Glossary of Terms

Below please find more additional information about lysosomal storage disorders (LSDs).

Alpha-mannosidosis – Alpha-mannosidosis is a lysosomal storage disorder that is characterized by intellectual disability, hearing loss, ataxia, skeletal abnormalities, and coarse facial features.

Blood-brain barrier – The blood-brain barrier is a network of blood vessels and tissue that is made up of closely spaced cells and helps keep harmful substances from reaching the brain. The blood-brain barrier lets some substances, such as water, oxygen, carbon dioxide, and general anesthetics, pass into the brain. It also keeps out bacteria and other substances, such as many anticancer drugs.

Enzyme replacement therapy (ERT) – An ERT is a medical treatment whereby enzymes are given to individuals who suffer from chronic conditions resulting from enzyme deficiencies or malfunctioning of the enzymes. The most common conditions treated by ERTs are lysosomal storage diseases (LSDs).

Fabry Disease – Fabry disease is a rare, inherited (genetic) disorder resulting from buildup of globotriaosylceramide (GL-3) in cells throughout the body. Fabry disease affects less that one in 5,000 live births.

Gaucher disease – Gaucher disease is a rare, autosomal recessive, inherited disorder in which toxic levels of the fatty substance (lipid) glucocerebroside accumulate in cells. Gaucher affects one in 50,000 live births.

Gene therapy – A gene therapy is a therapeutic approach that uses genes to treat or prevent a particular disease. There are different approaches to gene therapy, including:

1. Replacing a gene that is not working properly and causes disease with a healthy copy of the gene
2. Stop or “knocking out,” a gene that is not functioning properly
3. Add a new gene into the body to help fight a disease

Krabbe Disease – Krabbe disease is an inherited disorder that destroys the protective coating, or myelin, of nerve cells in the brain and throughout the central nervous system. In most cases, the signs, and symptoms of Krabbe disease develop in babies before six months of age, and the disease usually results in death by age two.

Lysosomal storage disorders – Lysosomal storage disorders (LSDs) are a group of more than 50 rare inherited diseases that are associated with serious and debilitating complications that can shorten life. LSDs, which can present in infancy, childhood, or adulthood, are characterized by a specific lysosomal enzyme deficiency, resulting in the accumulation of the substrate within the cells’ endosomal/lysosomal compartments.
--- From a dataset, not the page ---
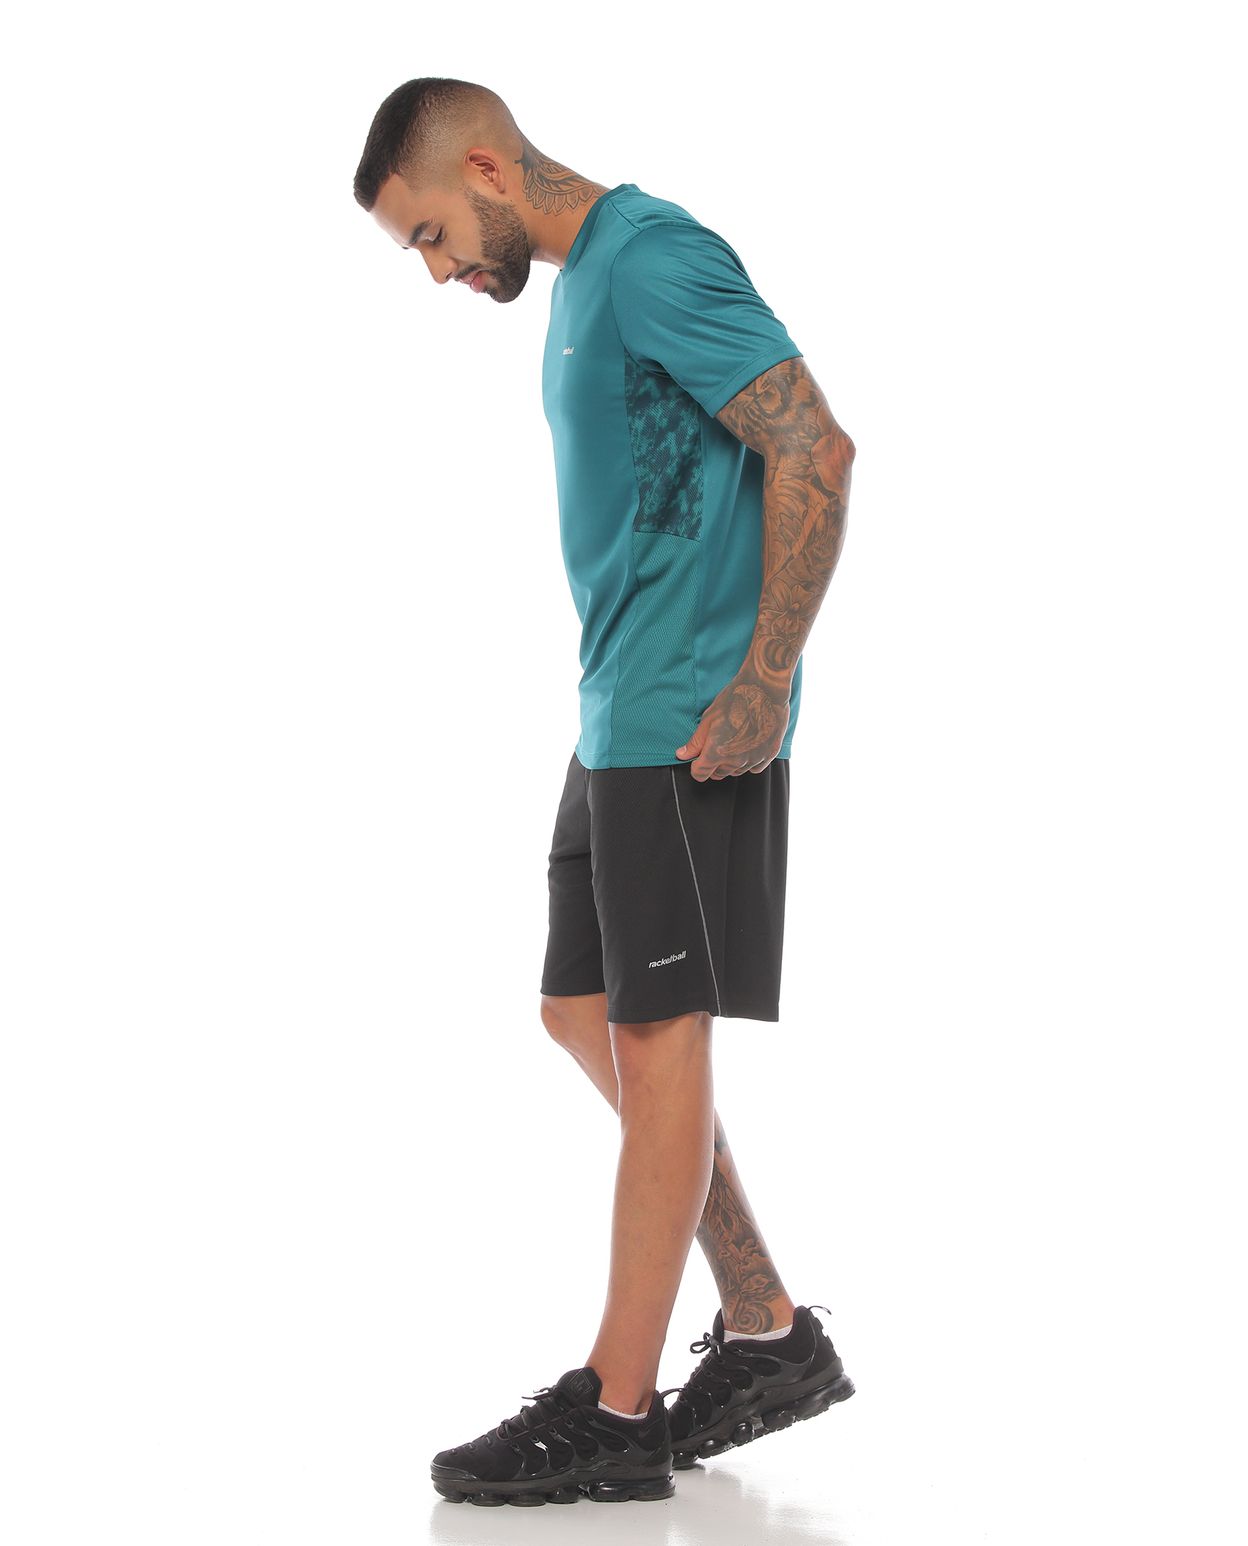 modelo con camiseta deportiva manga corta color verde y pantaloneta deportiva negra para hombre parte lateral izquierda
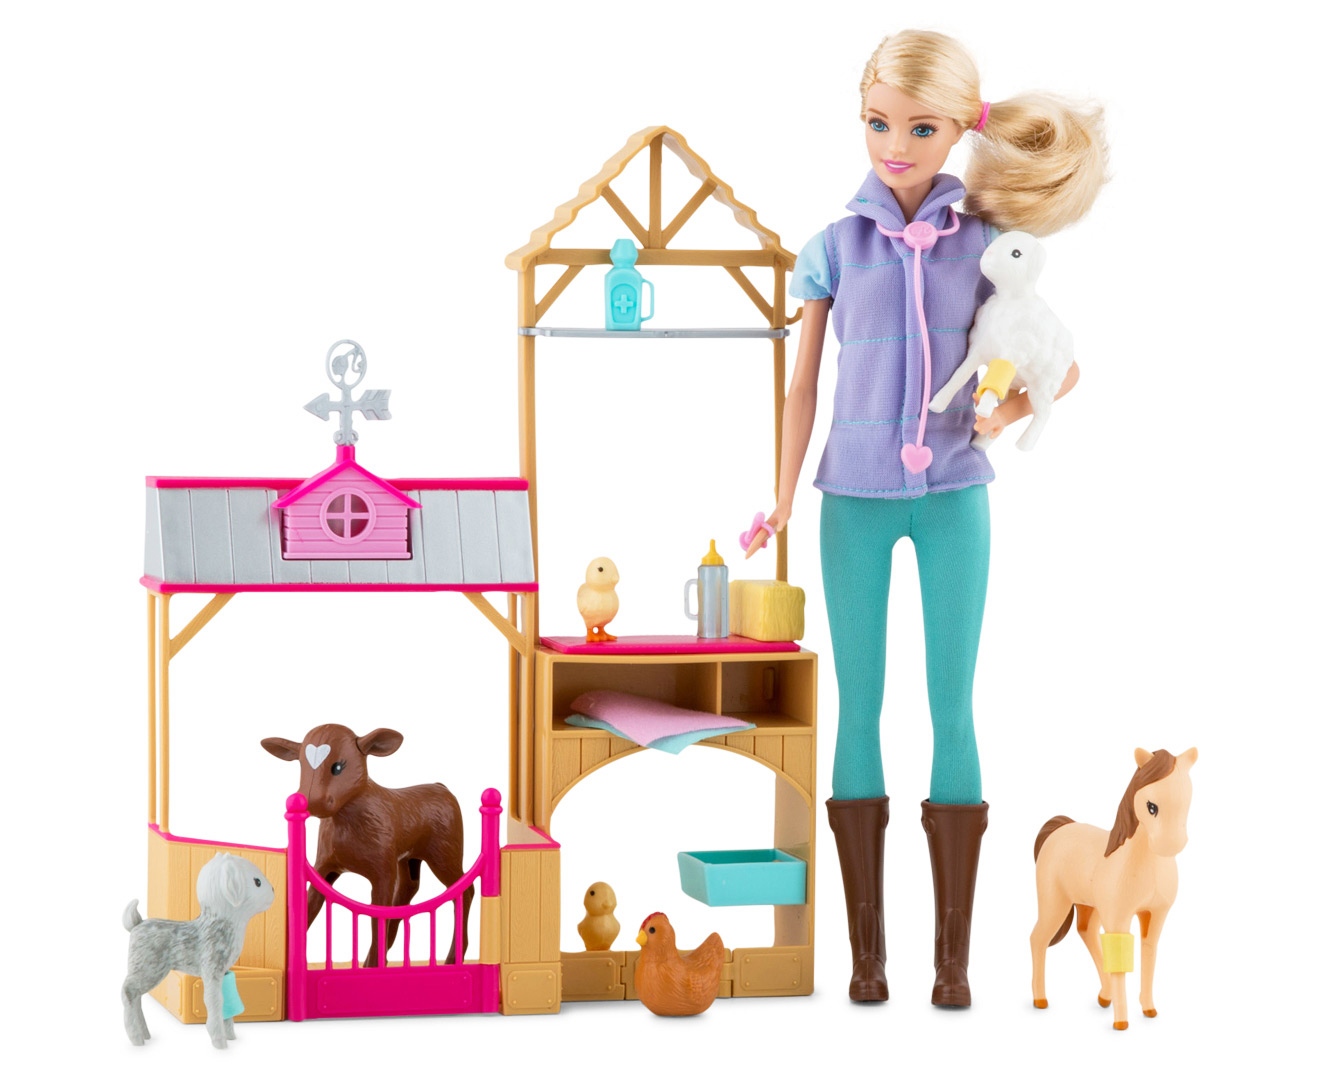 barbie farm set

Although individually classified as rare diseases, collectively, LSDs affect 1 in 5,000 live births. LSDs are progressive and represent a significant burden to the individuals with LSDs, their families, and the healthcare systems.

Lysosomal enzymes – Lysosomal enzymes degrade (break down) macromolecules (large molecules) and other materials (such as bacteria). Lysosomal enzymes need mannose 6-phosphate (M6P) to transport the therapy to where it is needed in the cell.

Mannose 6-phosphate (M6P) – M6P is a specialized carbohydrate structure found on the surfaces of lysosomal enzymes. M6P enables Enzyme replacement therapy (ERT) to bind to specialized M6P receptors on cell surfaces; once they attach to the receptors on the cell surfaces, they exert their biological function to metabolize the accumulating substrates.

Mucolipidosis Types II and III (ML II/ML III) – Mucolipidosis types II and III (ML II/ML III) are rare, autosomal recessive, inherited disorders that are partn GNPTAB-related disorders. ML II and ML III affect less that one in 5,000 live births.

Mucopolysaccharidosis IIIB (MPS IIIB) – Mucopolysaccharidosis IIIB (MPS IIIB), also known as Sanfilippo syndrome, is a progressive disorder that primarily affects the brain and spinal cord (central nervous system). It is characterized by deterioration of neurological function (neurodegeneration), resulting in many of the features of the condition.

Phosphorylation – Phosphorylation is a process in which a phosphate group is added to a molecule, such as a sugar or a protein.

Pompe disease – Pompe disease is a rare, autosomal recessive, inherited disorder in which toxic levels of the complex sugar glycogen accumulates in cells. Pompe affects one in 50,000 live births.

Recombinant enzyme – An enzyme is a large biological molecule responsible for the thousands of metabolic processes that sustain life. Recombinant means that it is an organism, cell, or made of genetic material. 

S1S3 co-expression platform technology – Our innovative platform technology that gives us the capability of increasing the mannose 6-phosphate (M6P) content of Enzyme replacement therapy (ERT) to improve lysosomal targeting and delivery, and to develop best-in-class, targeted medicines, either ERT or gene therapy products, to treat the specific lysosomal storage disorder.